19. The expression construct of claim 17, wherein the polyadenylation signal comprises a sequence that is at least 90% identical to SEQ ID NO:11.

20. The expression construct of claim 19, wherein the polyadenylation signal comprises SEQ ID NO:11.

21. The expression construct of any one of the preceding claims, wherein the expression construct comprises a sequence that is at least 90% identical to a sequence selected from the group consisting of SEQ ID NOS:1-4.

22. The expression construct of any claim 21, wherein the expression construct comprises a sequence selected from the group consisting of SEQ ID NOS:1-4.

23. A vector comprising the expression construct of any one of the preceding claims.

24. The vector of claim 23, wherein the vector is a viral vector.

25. The vector of claim 24, wherein the vector is an adeno-associated virus (AAV) vector.

26. The vector of claim 25, wherein the vector comprises a genome derived from AAV serotype AAV2.

27. The vector of any one of claims 25 or 26, wherein the vector comprises a capsid derived from AAV7m8.

28. A pharmaceutical composition comprising the vector of any one of claims 23-27 and a pharmaceutically acceptable carrier.

29. A method for treating a retinal disease in a subject in need thereof, wherein the retinal disease is associated with one or more mutations in the GUCY2D gene, the method comprising administering to the subject the vector of any one of claims 23-27 or the pharmaceutical composition of claim 28.

30. The method of claim 29, wherein the retinal disease is cone-rod dystrophy (CRD) or Leber congenital amaurosis type 1 (LCA1).

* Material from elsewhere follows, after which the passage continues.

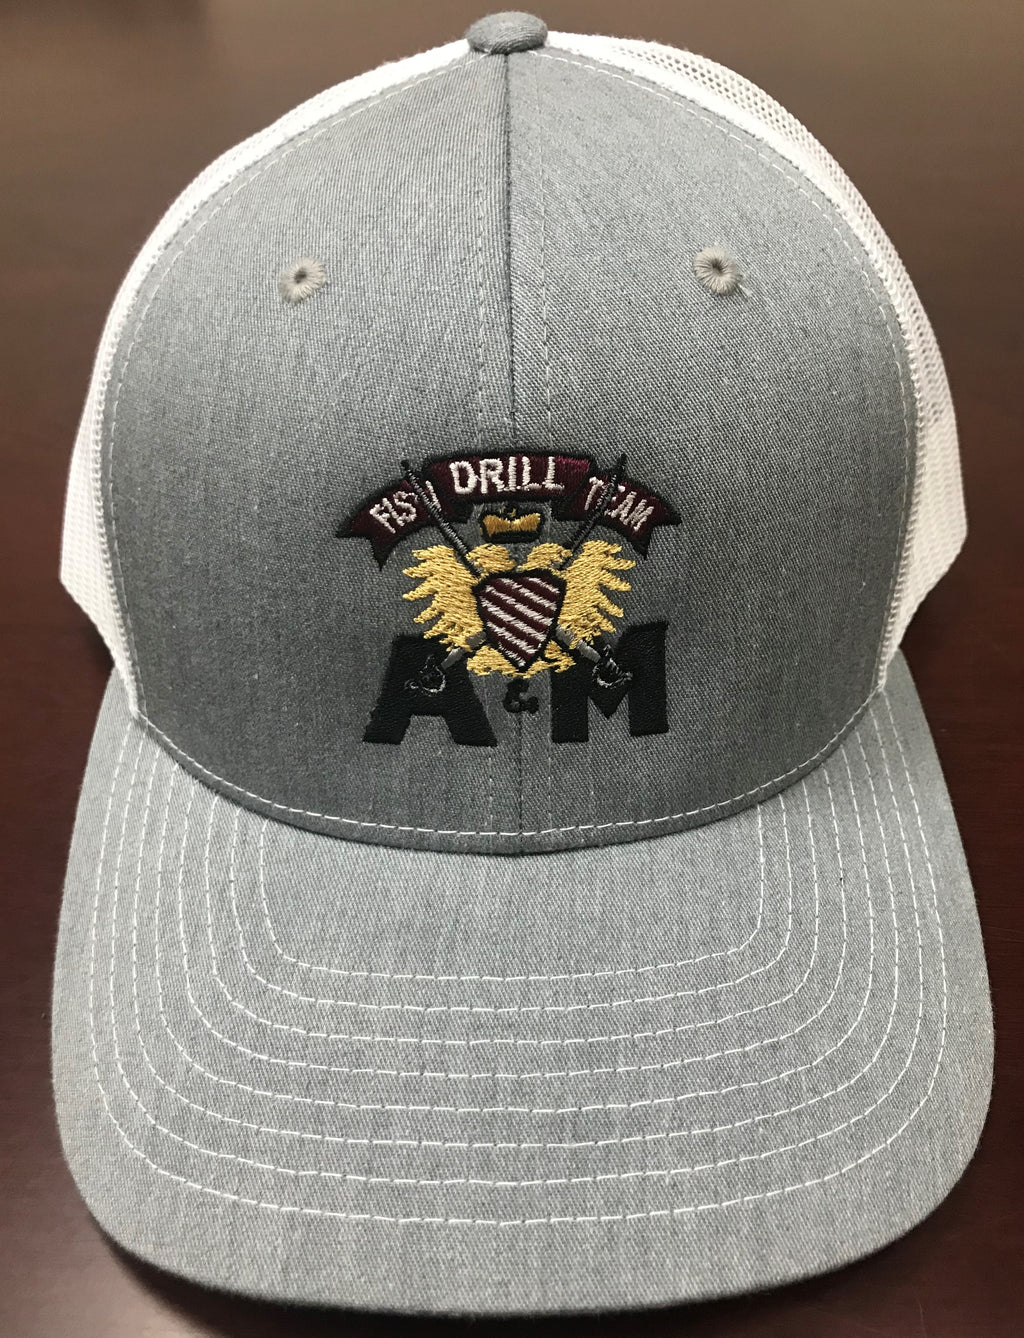 Fish Drill Team Trucker Hat

31. The method of claim 30, wherein the retinal disease is LCA1.

32. A method of increasing expression of rod cGMP-specific 3′,5′-cyclic phosphodiesterase subunit β (PDE6β) in a subject in need thereof, the method comprising administering to the subject the vector of any one of claims 23-27 or the pharmaceutical composition of claim 28.

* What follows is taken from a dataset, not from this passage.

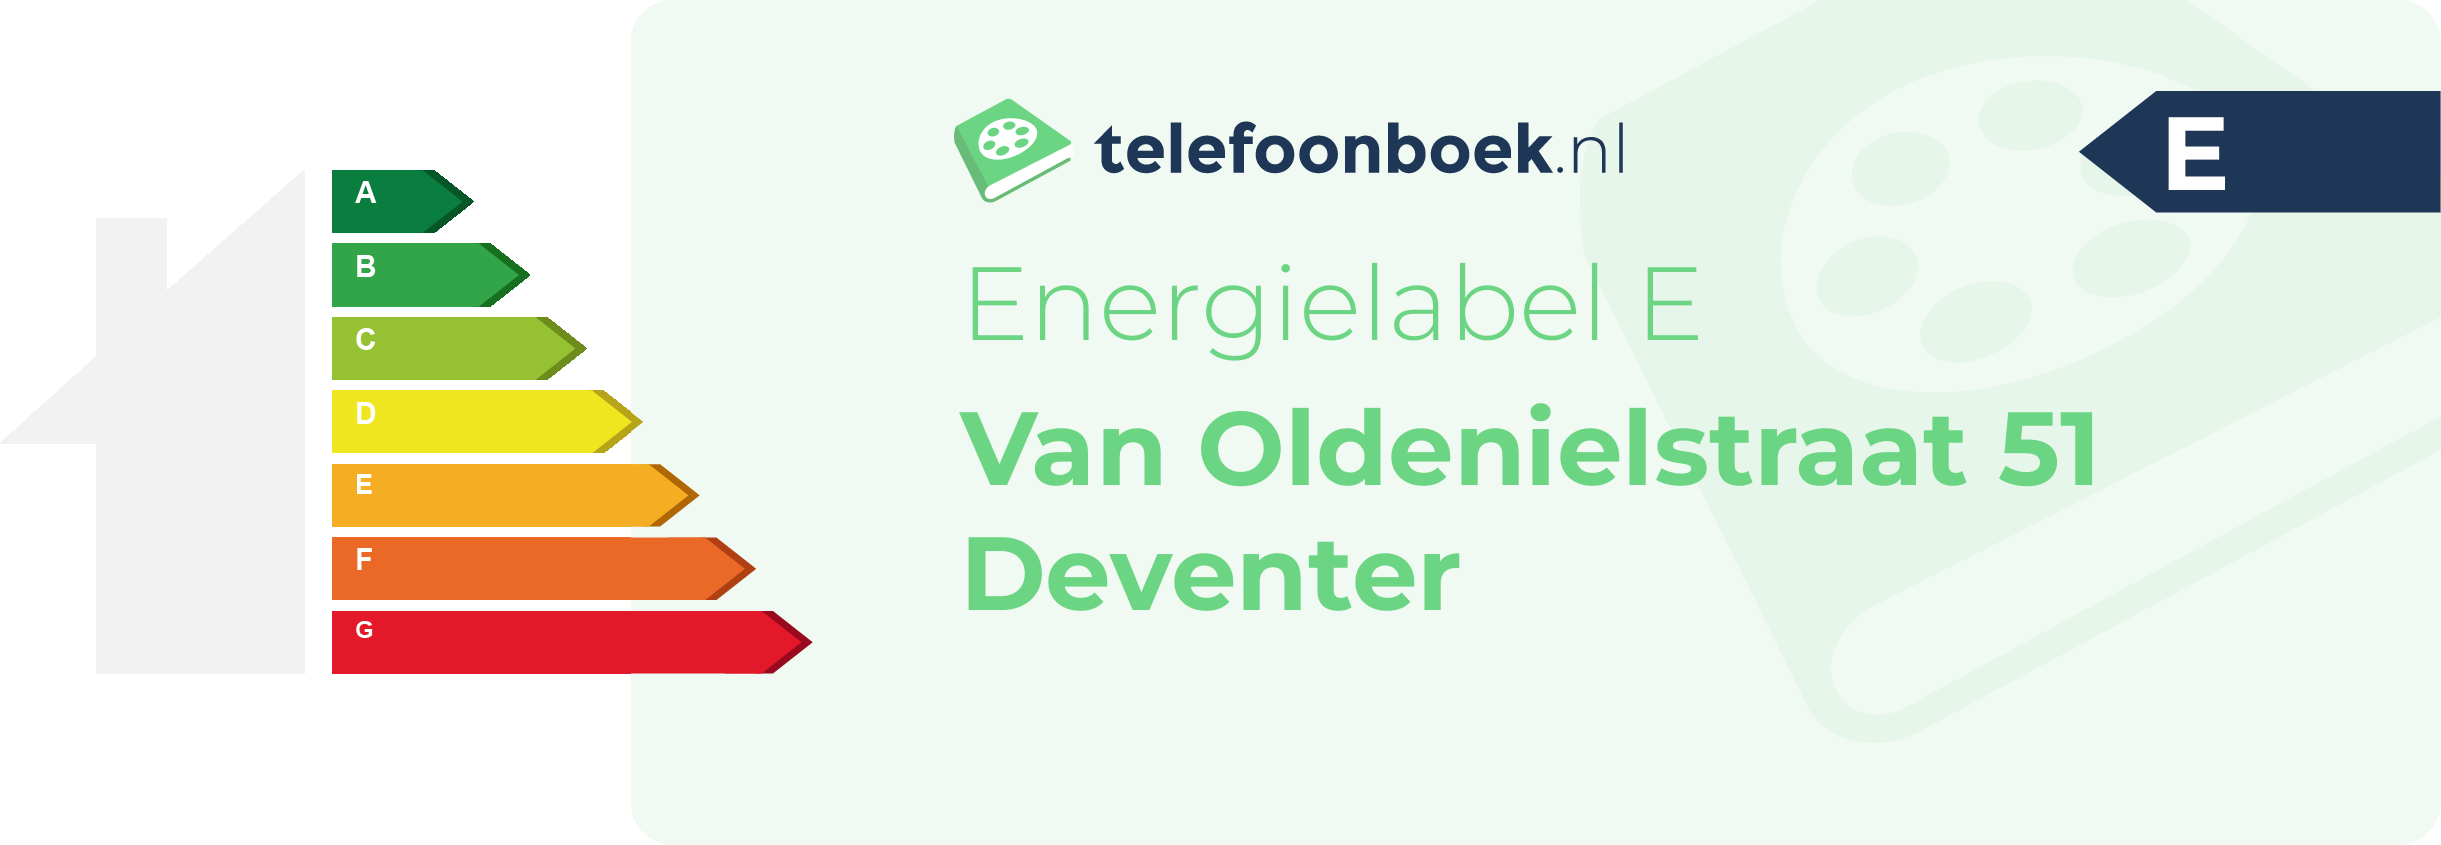 Energielabel Van Oldenielstraat 51 Deventer

33. A method of increasing cyclic guanosine monophosphate (cGMP) levels in a photoreceptor in a subject in need thereof, the method comprising administering to the subject the vector of any one of claims 23-27 or the pharmaceutical composition of claim 28.

34. The method of any of claims 29-33, wherein the vector or the pharmaceutical composition is administered by intraocular injection.

35. The method of claim 34, wherein the vector or the pharmaceutical composition is injected into the central retina of the subject.